The global economy can experience high inflation, significant welfare losses, and lower growth in times of geopolitical tensions says the Economist Observatory. The concept of geopolitics can also refer to internal political affairs, which can influence not only domestic financial markets but global as well. Individual governments are influenced by economic activities such as fiscal politics, and economic and strategic decisions, based on different countries’ priorities and their political orientation. Along with this, rising populism also poses a significant threat to long-term stability and economic performance. Populist governments usually implement short-term solutions and policies at the expense of long-term sustainability. Politicians such as increased government spending and trade protectionism disrupt global trade flow, increasing market volatility and hindering long-term sustainable growth. 

Tensions also contribute to disruptions in the global economy and international supply chain management. According to the International Monetary Fund, years of shock caused by the COVID-19 virus and the Russian invasion of Ukraine has caused countries to reevaluate their trade partners, partially because of economic concerns but also in national security concerns. Geopolitical factors also influence the redirection of foreign direct investment flows. Along with this, some countries are even reevaluating their reliance on the dollar in their reserve holdings and international transactions. 

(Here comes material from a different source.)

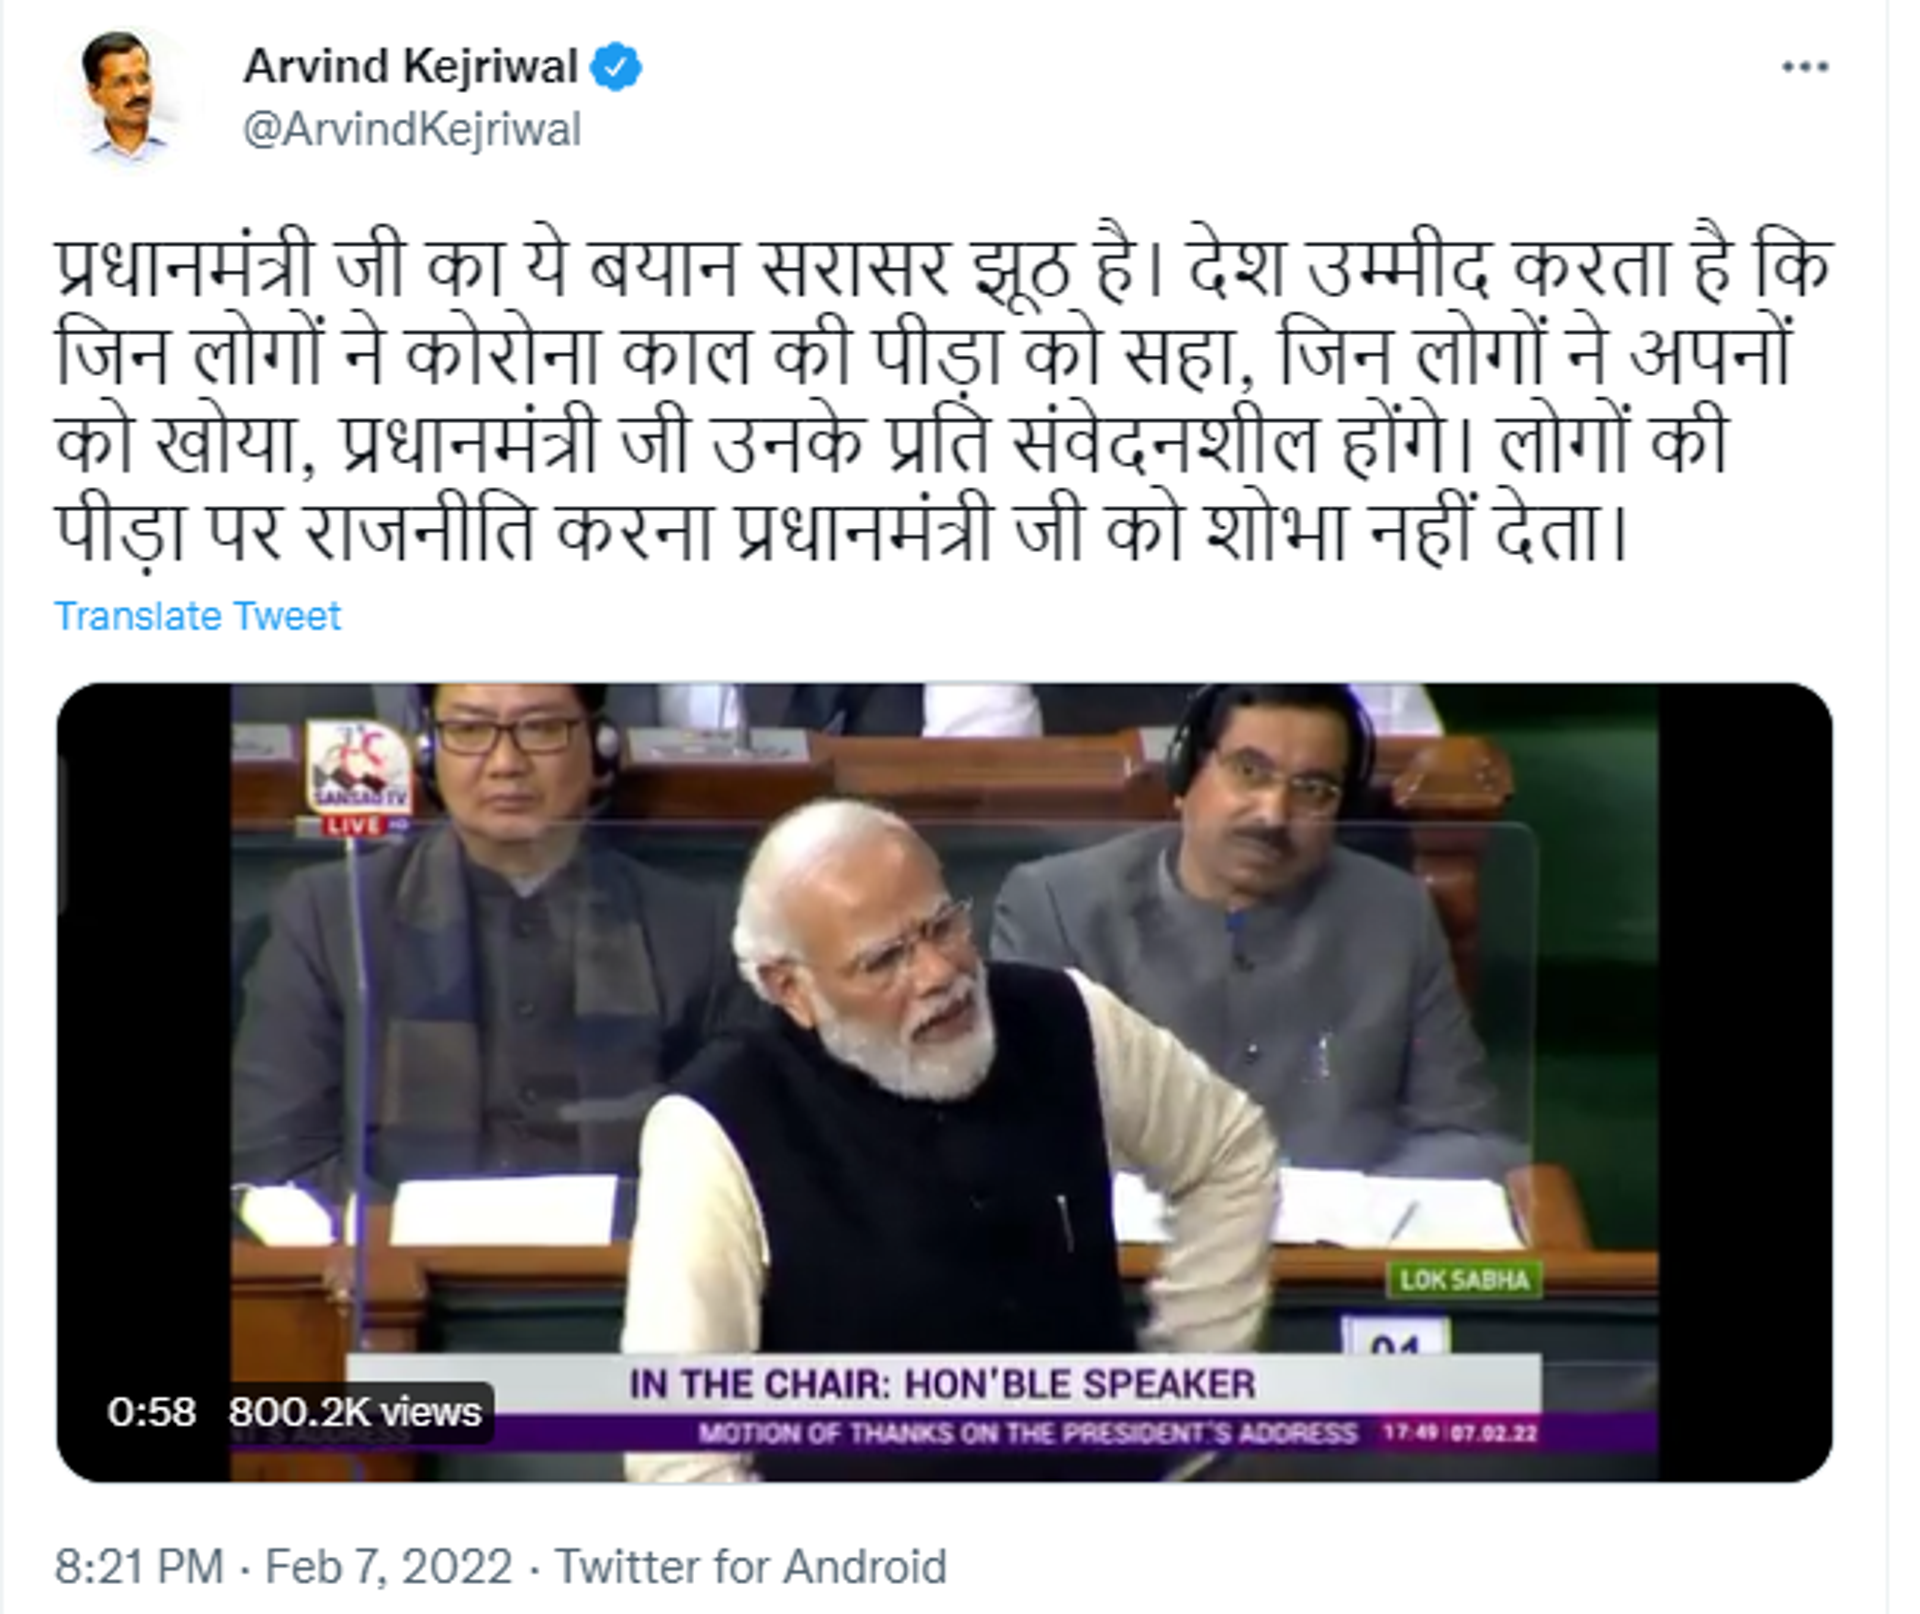 Arvind Kejriwal tweets about PM Modi's Statement in parliament. - Sputnik International, 1920, 08.02.2022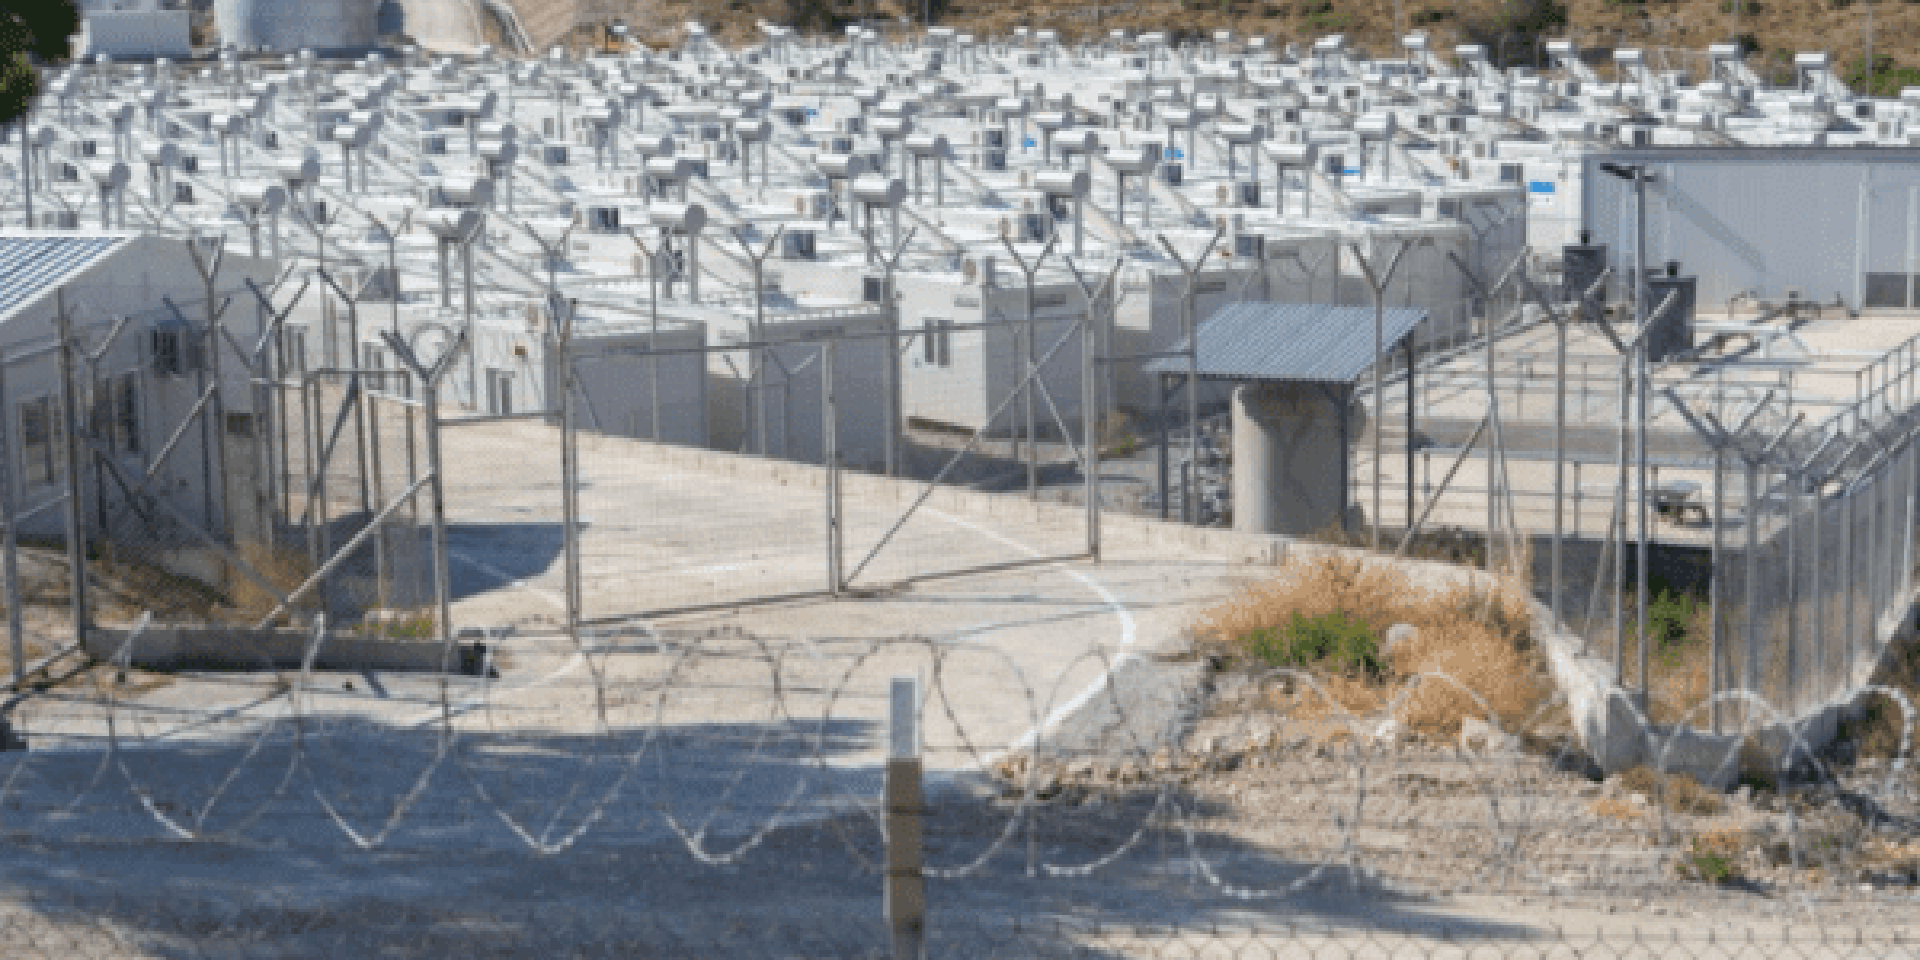 Les Filles de la Charité n'ont pas accès au nouveau camp de réfugiés construit sur l'île de Samos | © Filles de la Charité

The World Economic Forum’s most recent Global Risks Report has identified that interstate armed conflicts are among the top five global short-term risks in 2024, ranked fifth. The main proprietor though, is misinformation and social polarization. These risks cause ripple effects like trade disruption and regulatory change, destabilizing the global economy and political structures of markets, especially in Asia. 

As written by Marsh, trade disruption and social and geopolitical tensions create an everchanging and uncertain legal and regulatory environment. Specifically, businesses with people, assets, and investments in volatile markets can be faced with heightened risks. These risks include expropriation, currency inconvertibility or non-transfer, license cancellation, and talent mobility. Marsh also reported that in 2016, the Thai government chose not to renew the mining license of one of Thailand’s largest gold mines, citing environmental and health concerns. Because of this decision, which ultimately caused the mine to close, there was a triggering of legal disputes and compensation claims between the mining company and the government. Furthermore, the Central Bank of Myanmar in 2022 implemented regulations and restrictions on foreign currency flow and exchange requirements, leading to major financial losses for global investors.